Parrish calls this “doing the obvious thing.”
In sales, doing the obvious thing equals showing up every day and making touches - calls, texts, emails, in-person visits, etc and doing it in a way that allows you to stand out from the crowd. There’s no shortage of AI driven or copy & paste outreach today. I get a dozen emails a day that I can immediately tell were drafted this way.
Strip away all the noise and be authentic. If you take nothing else away from this article, let it be this.
Don’t treat your prospects like they are a number, treat them like a person. Try to have real conversations. If you can, create unique experiences for them to stand out from the crowd.
For instance, there were several accounts early on in my career that I won by sending them a handwritten card with a personalized note and a gift card to Starbucks to “cover the coffee I was going to buy you if you hadn’t ghosted me.”
At the time, I was just trying to get a call back - and you know what?

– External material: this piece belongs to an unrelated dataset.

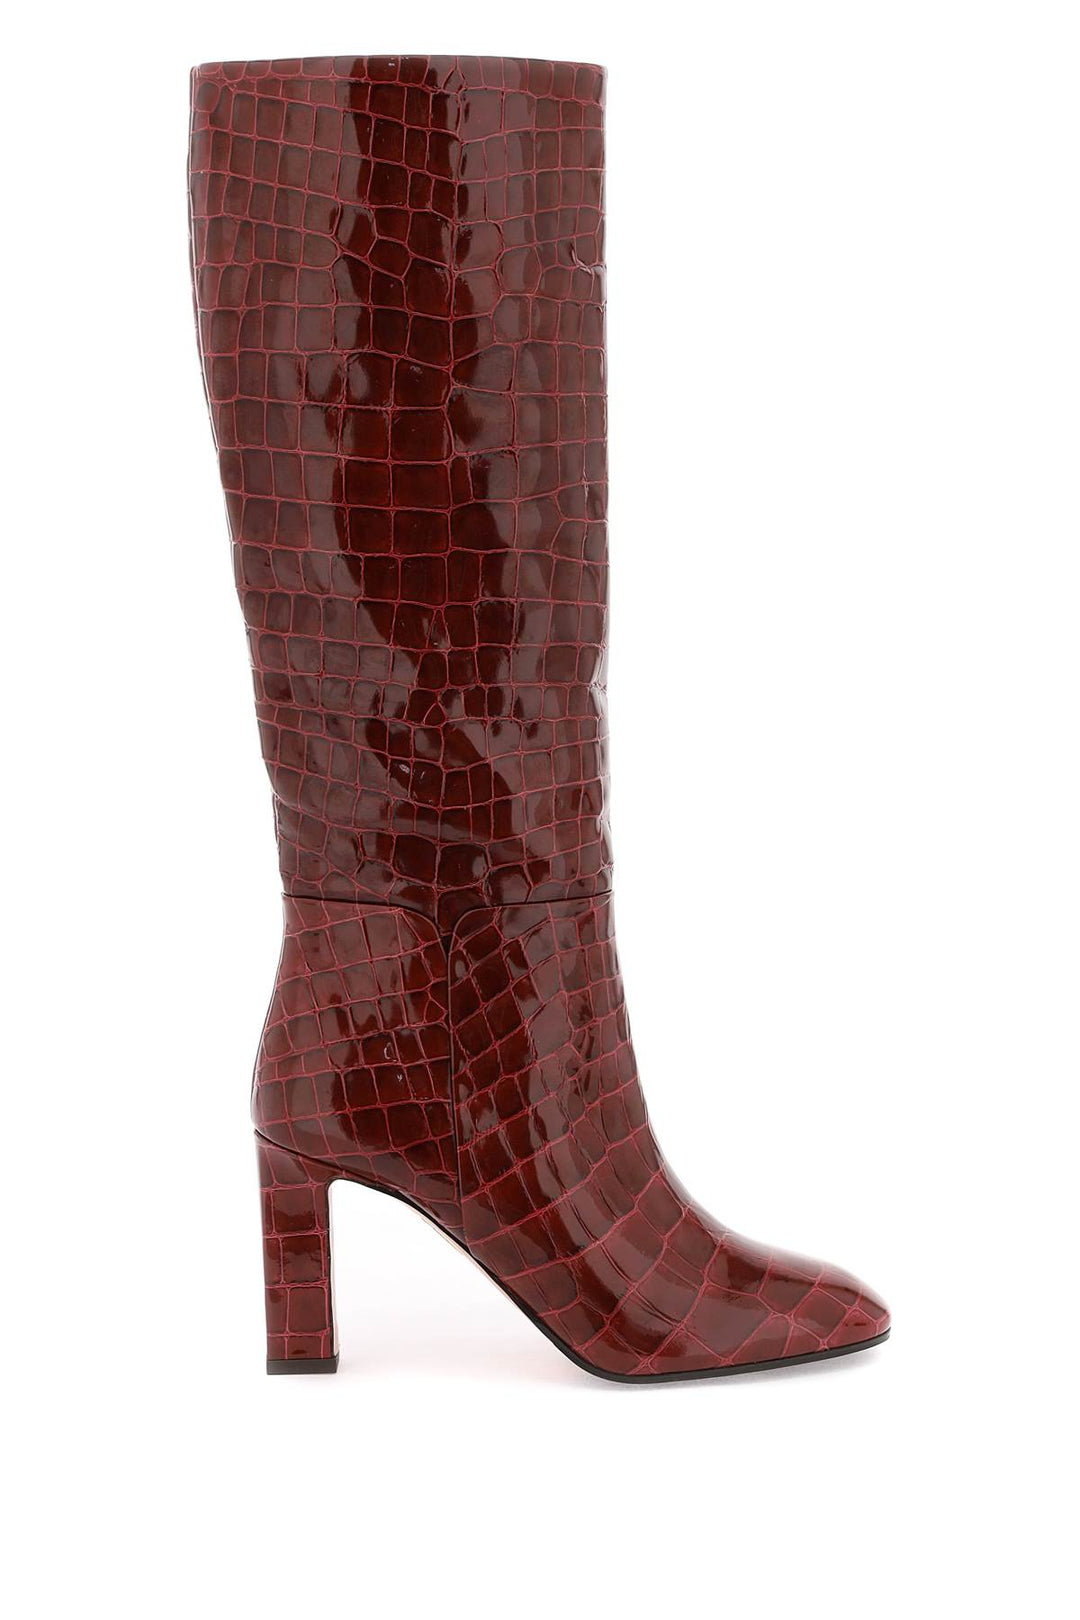 Aquazzura Sellier Boots In Croc Embossed Leather   Rosso

It worked. Not every time, but enough of the time to make a difference.
But that’s not a 100% success guaranteed/microwave result process either. This type of personalized touch only worked if I had done my homework (aka the obvious thing) for several weeks. Typically I would try conventional methods for at least a month or two before I went down this route. Many times, I never even had to do this, because said conventional methods led to a real conversation.
The point is, don’t chase hacks or quick fixes. Pick up the phone and make calls. Focus on having real conversations. Listen more than you speak. Qualify (or disqualify) your leads and don’t just shove a solution that has no value for them. Answer the phone when they call. Create experiences that make you stick out in their mind.
Do this every day for long enough and you will succeed. Where most reps go wrong is giving up on individual prospects too soon - or - on the process altogether because they don’t get results as fast as they’d like.
Show up daily. Do the work. Trust the process.